DATASET CONTENT below:
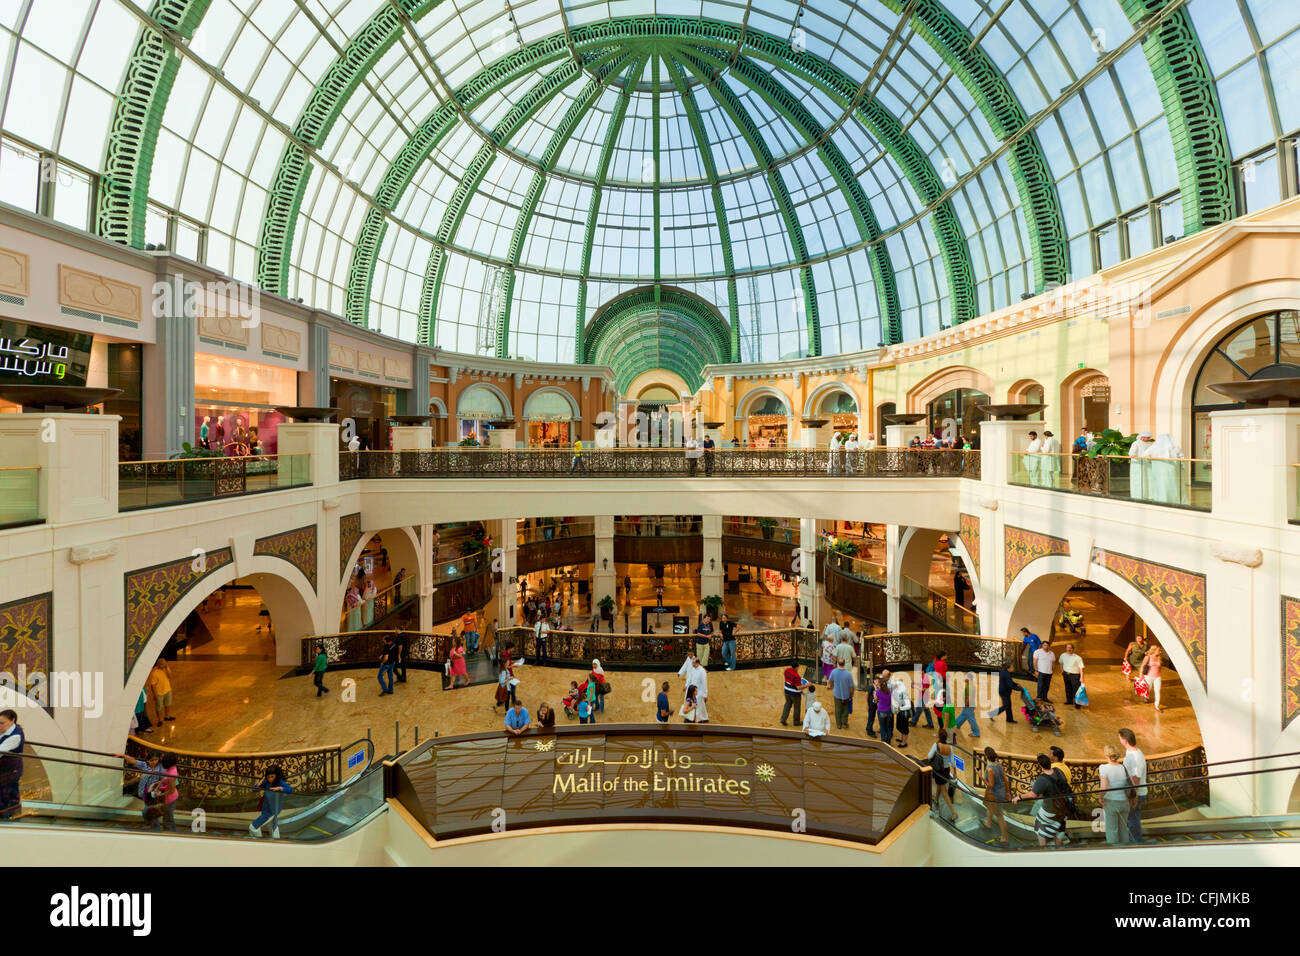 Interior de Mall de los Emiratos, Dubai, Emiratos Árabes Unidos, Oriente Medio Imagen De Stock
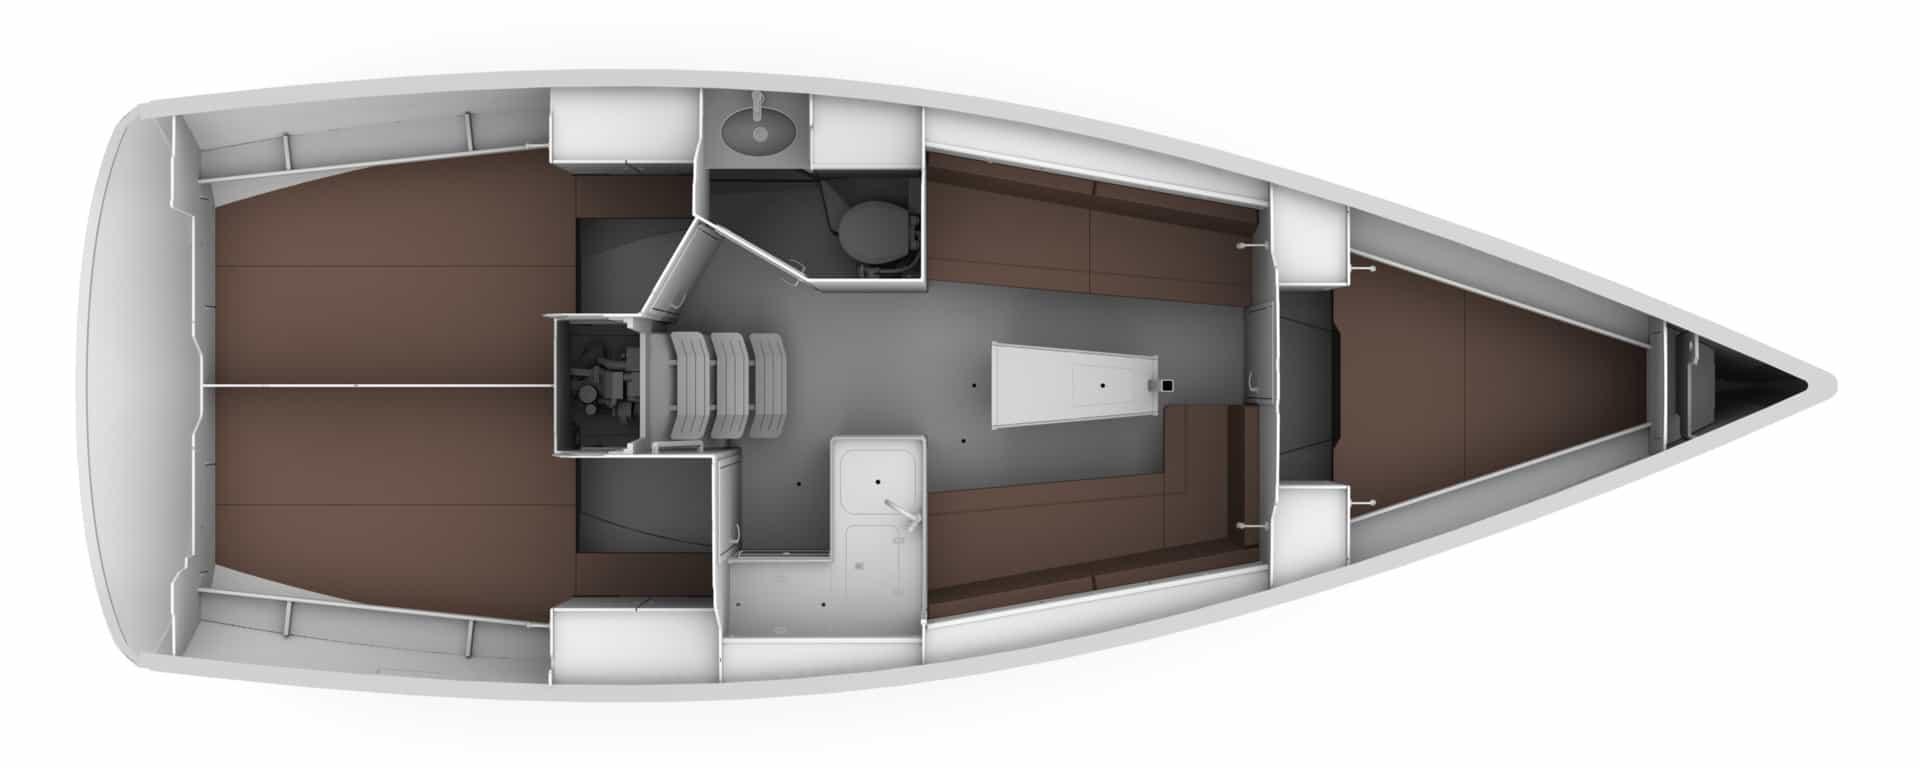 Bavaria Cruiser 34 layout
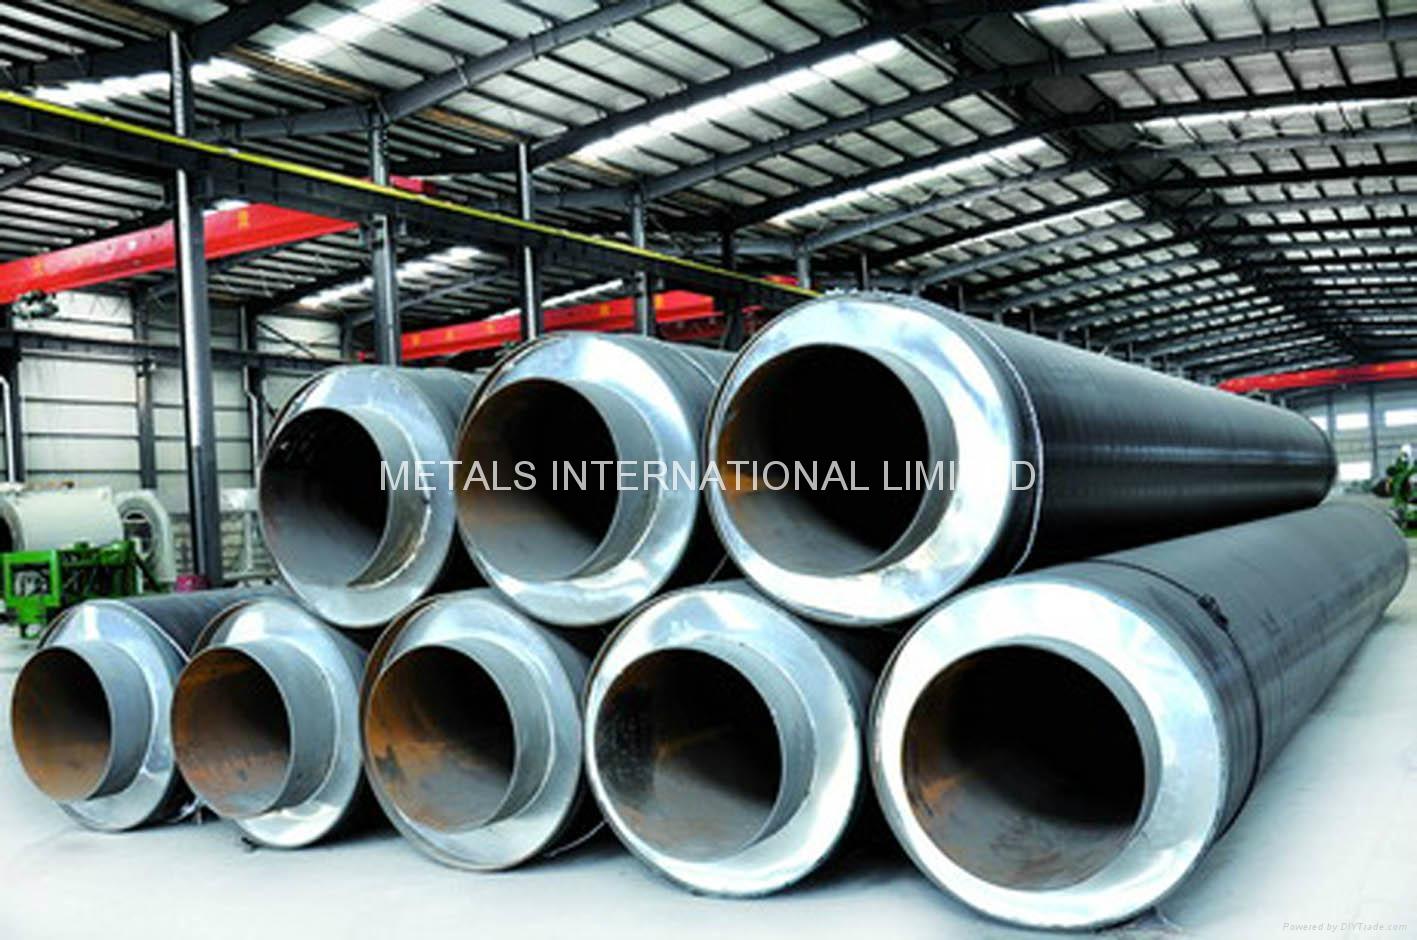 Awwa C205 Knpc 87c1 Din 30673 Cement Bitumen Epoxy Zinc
End of DATASET CONTENT.
DATASET CONTENT below:
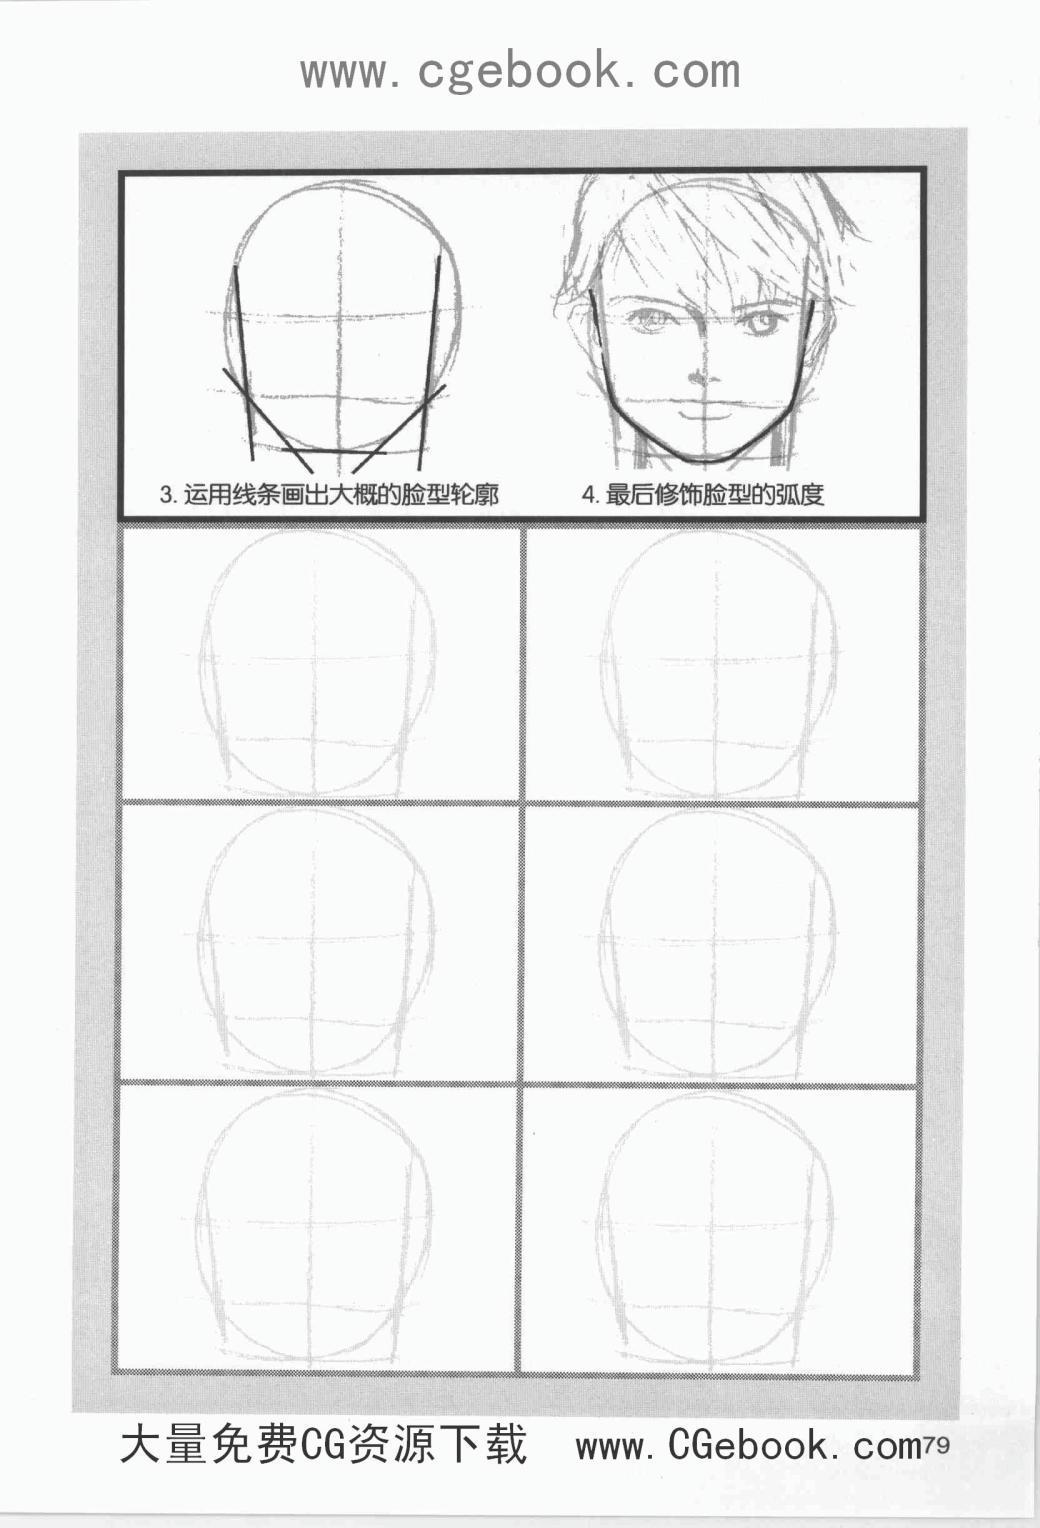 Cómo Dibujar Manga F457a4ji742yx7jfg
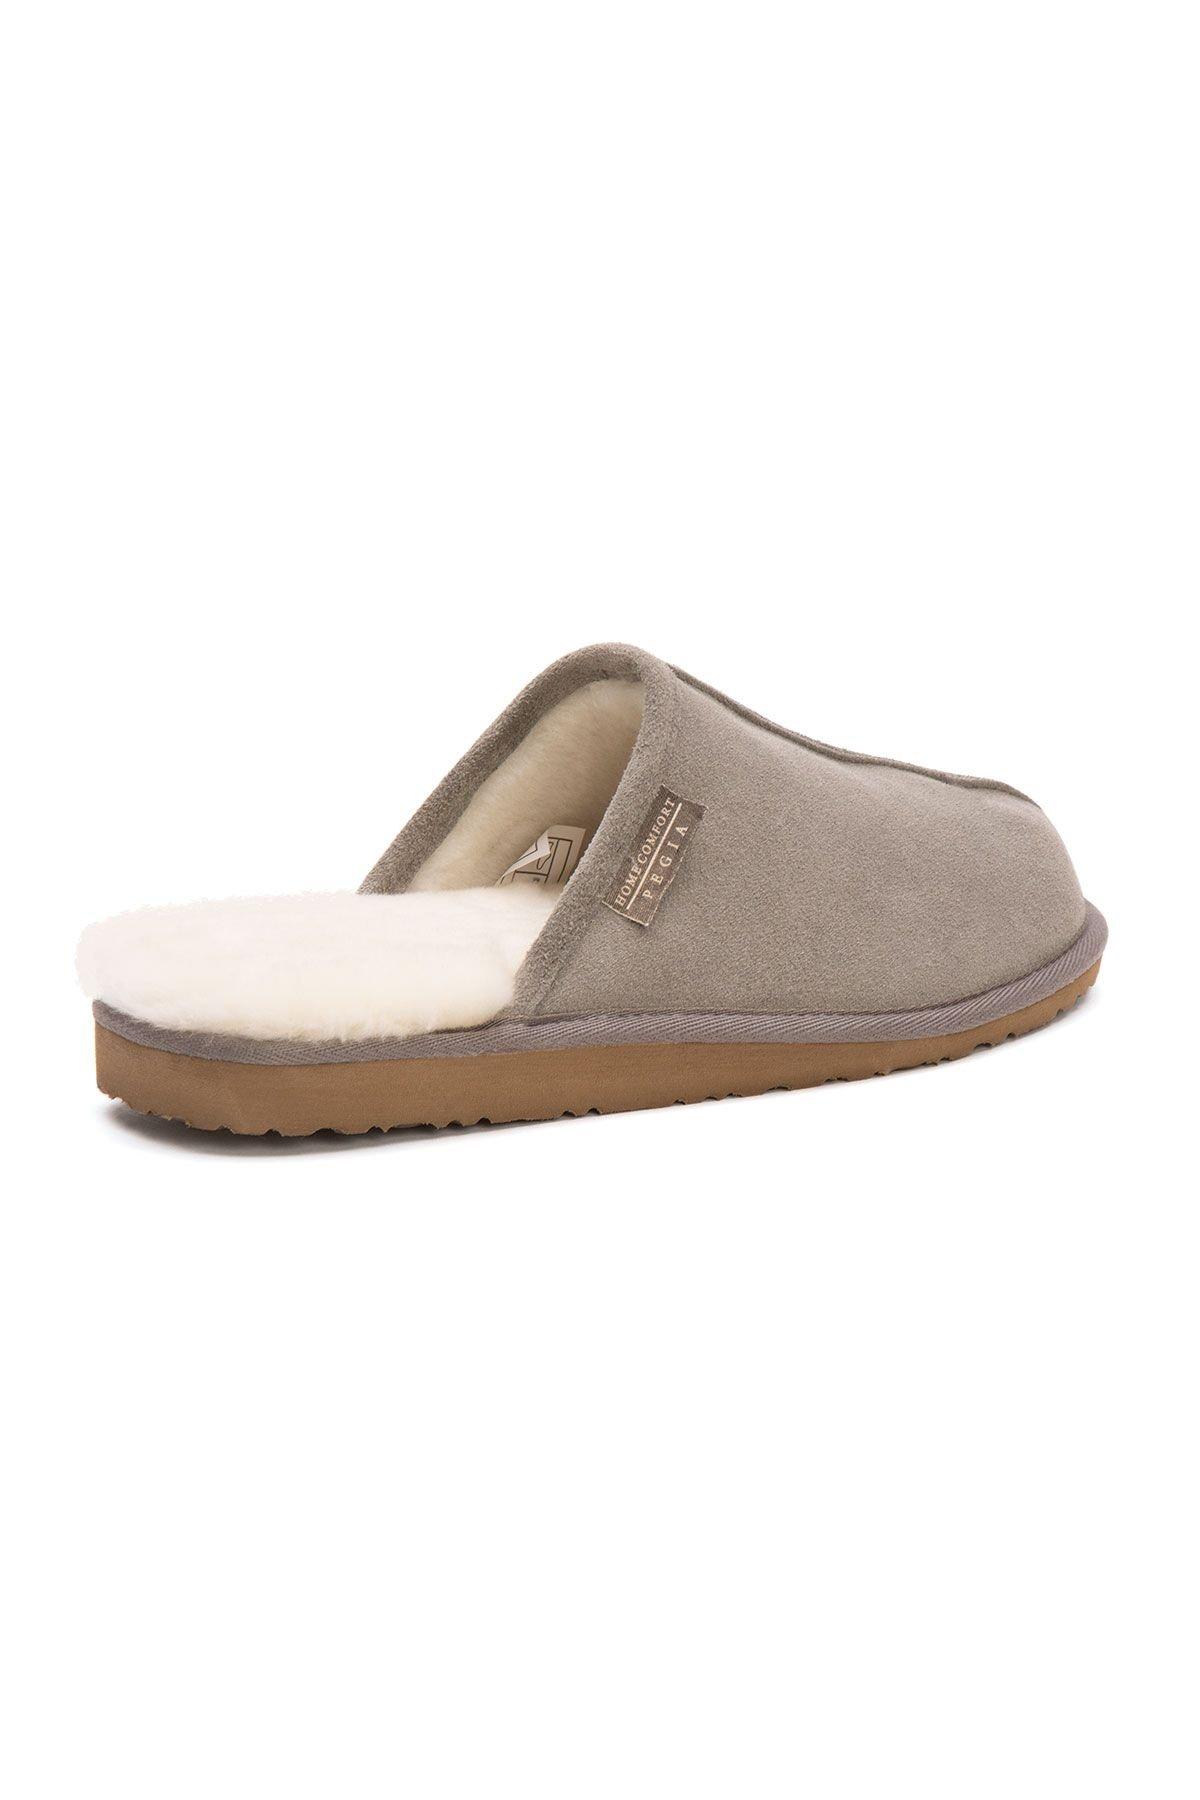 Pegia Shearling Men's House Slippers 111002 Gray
End of DATASET CONTENT.
EXERCISE - Word for word, write out the lines above running from the one with "Interior de Mall" up to and including the one with "Awwa C205 Knpc". Drop any picture.

EXERCISE ANSWER -
 Interior de Mall de los Emiratos, Dubai, Emiratos Árabes Unidos, Oriente Medio Imagen De Stock
 Bavaria Cruiser 34 layout
 Awwa C205 Knpc 87c1 Din 30673 Cement Bitumen Epoxy Zinc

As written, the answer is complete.